Oil/Gold: Brent closed at $97.93, WTI closed at $91.73, remaining below $100 for two consecutive days, but futures rebounded overnight, pushing Brent back above $100. Iran is reviewing the 14-point proposal but stated that "the U.S. must pay compensation." Gold held at $4,718.
Cryptocurrency: Bitcoin retreated from $82,000 and closed between $80,500 and $80,800, holding above $80,000. The key technical resistance level is currently $81,486 (the cost basis of short-term holders); breaking above it signals a bullish trend, while failing to hold it suggests a short-term top.
Today, there's only one question: What will the non-farm payrolls data be?
Market expectations call for 55,000 new jobs added in April and an unemployment rate of 4.5%. If the numbers align closely with expectations, it would clearly confirm that the Iran conflict is weighing on the labor market, unexpectedly opening policy space for the Fed.
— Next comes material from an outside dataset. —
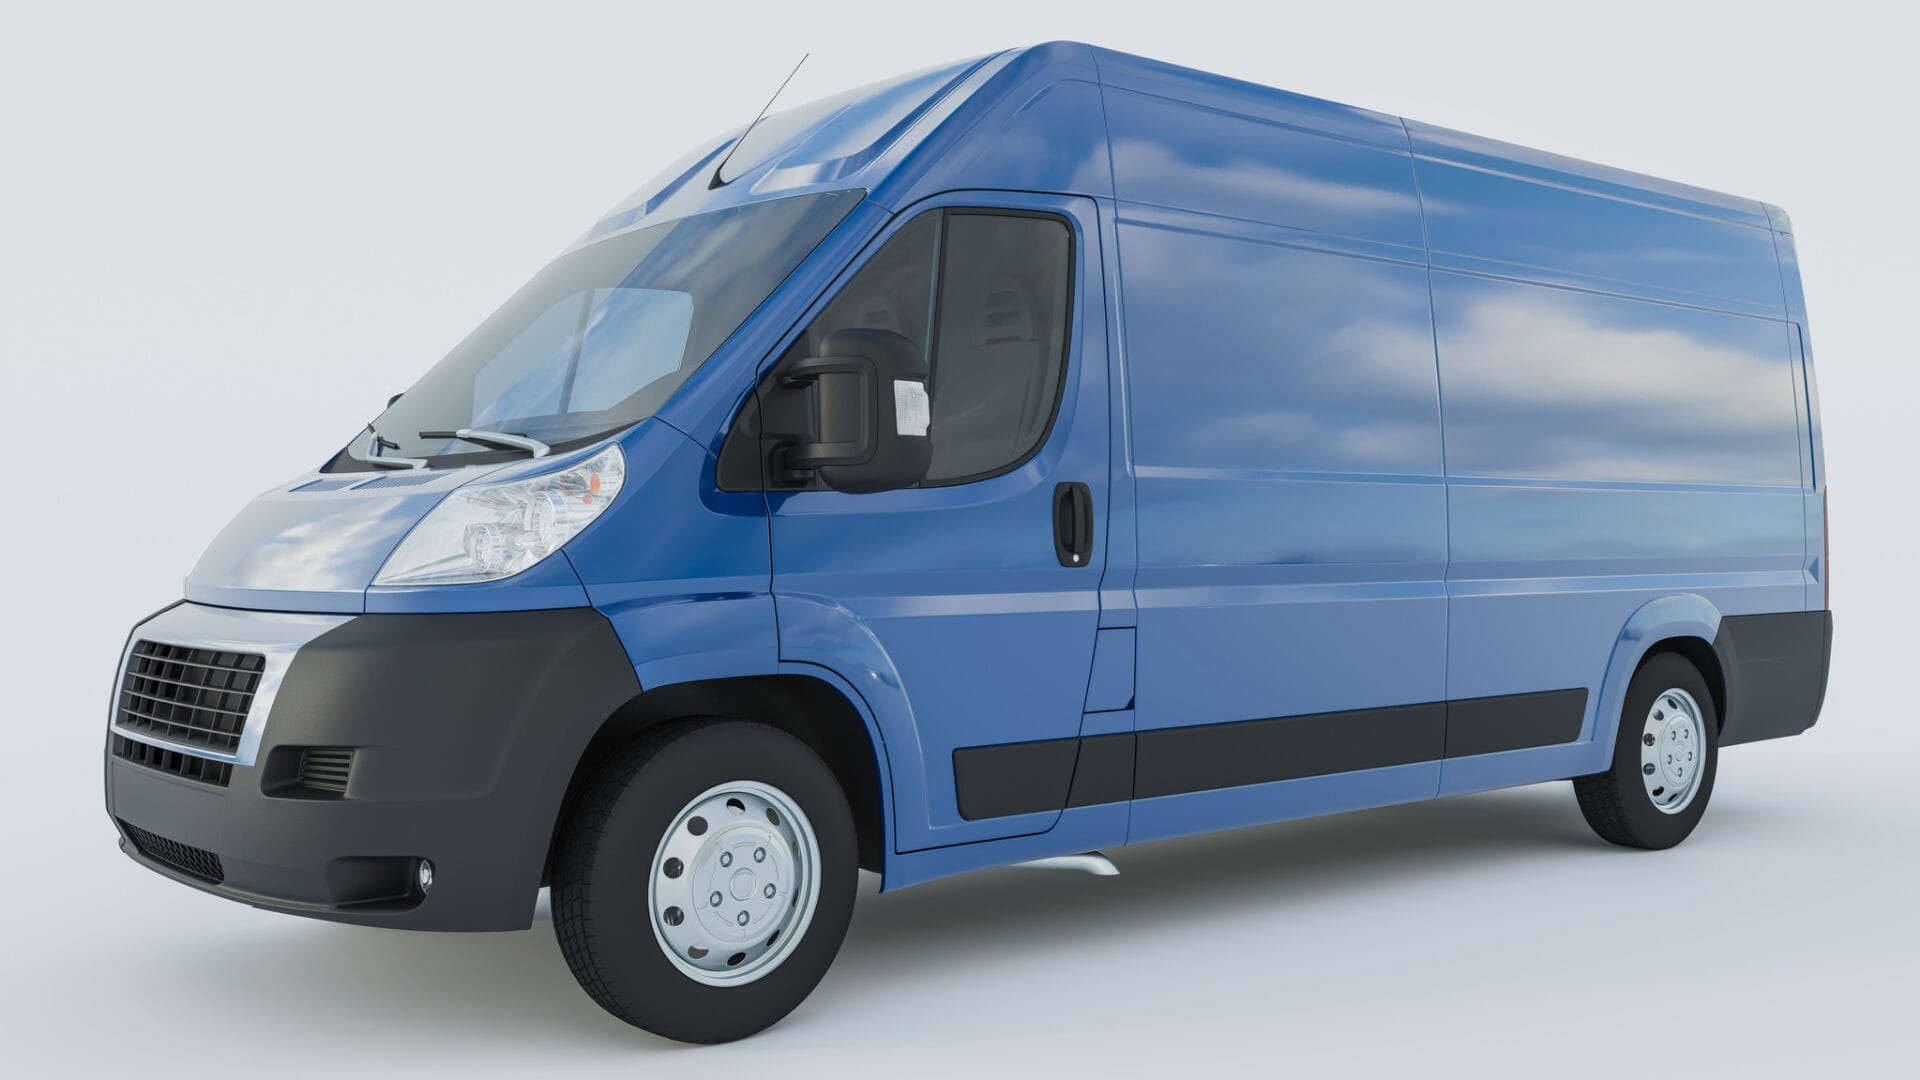 Advantages and Disadvantages of New and Used Vans

Weak employment combined with stabilizing inflation could reignite expectations of rate cuts, which would be positive for both equities and Bitcoin. If the data comes in significantly stronger than expected (e.g., over 100,000), it would suggest continued resilience in the labor market, prompting the Fed to hold rates steady or even consider hikes, putting pressure on high-valuation sectors.
Two outcomes, with the market reacting in completely opposite ways. Today’s non-farm payrolls report is the last card on the table this week.